和我订娃娃亲的,是简祁暄
原来伤心到极致,是哭不出来声音的。
顾重离一颗心被撕扯成几瓣,每一瓣上都写着简祁暄的名字。他试图弯腰把碎片拼起来,可弯下去的每一刻,泪意瞬间模糊了双眼,久久不能平息。
“宿主,你别难过啊,简祁暄肯定不愿意看见你这样,更不希望你因为他这样难过的。他爱你,所以希望你能健康,你也爱他,就不要觉得有负担。”
“宿主,你们这是双向奔赴,炽热滚烫的爱意啊,他看见你好好的,就比什么都开心了。”
“嗯。”顾重离闷闷地擦干眼泪,匆匆去卫生间洗了好久的脸,这才随便翻出来一身衣服换上。
从顾重离出现开始,屋裏的气氛就开始压抑,说好让他起来吃饭,餐桌上照例只剩下两个看着就干巴巴的面包。
他长这么大,妈妈从来不记得他乳糖不耐受,却连哥哥感冒过几次都如数家珍。
“重离,怎么这么晚。”
顾青云抖了抖手上的报纸,也只是漫不经心抬了下眼睛,好像报纸上的内容比他重要的多。
咀嚼着硬邦邦的干面包,顾重离神色冷漠地落在一旁的牛奶上。
“妈,我乳糖不耐受,从来都不能喝牛奶的。
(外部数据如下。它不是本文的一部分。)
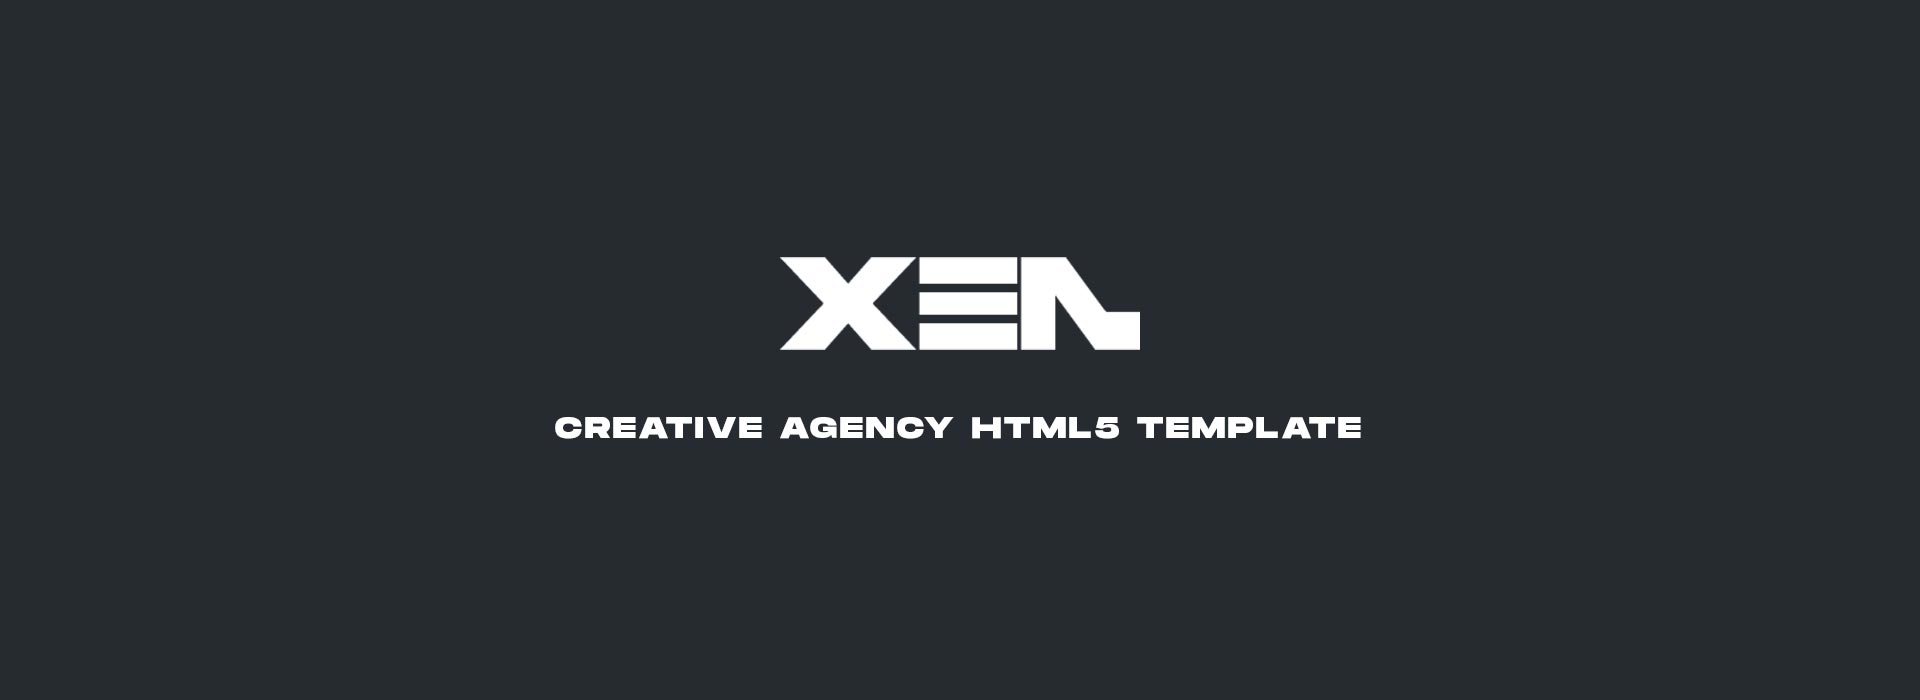 xen01 - XEN - Creative Agency HTML5 Template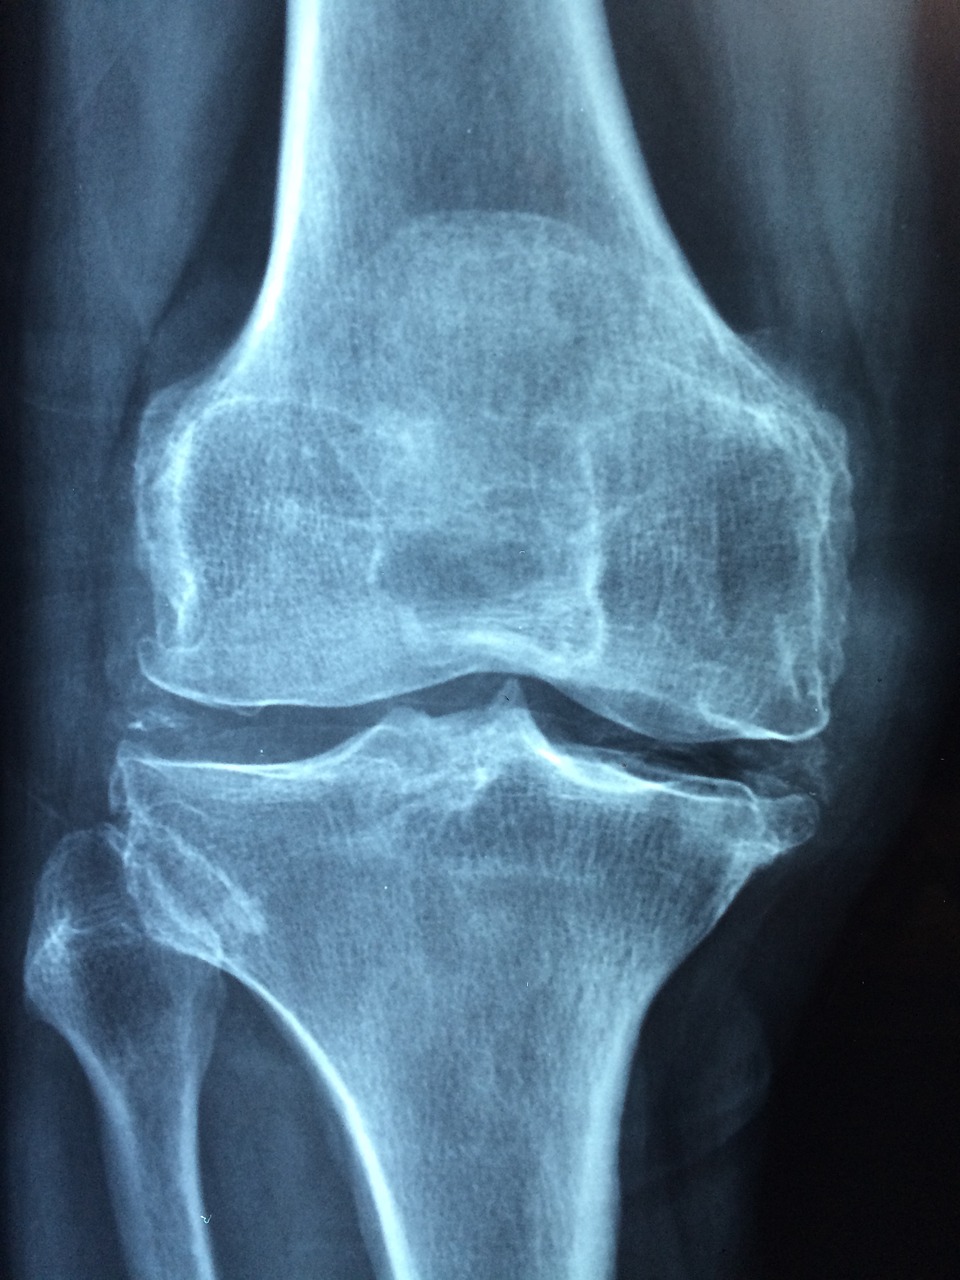 Knee Old Care Injury Pain - Taokinesis / Pixabay

每次喝完都要难受,你说我娇气,确实挺娇气的,胃什么伤坏的我都不知道。”
哪怕只是平静的叙述,还是踩上了洛桑的尾巴。顾重离这是什么意思,怪她这个当妈的没有做好,还让他伤了胃,让他脾气不好么。
“顾重离,你在怪我吗?”洛桑甚至微微前倾,脸上却没有一丝笑意,眼神裏满是冷漠。
哒的一声,面包裏夹着的半片火腿掉在餐盘上,这无疑加重了洛桑的怒火,仅存的那点温情都没有了。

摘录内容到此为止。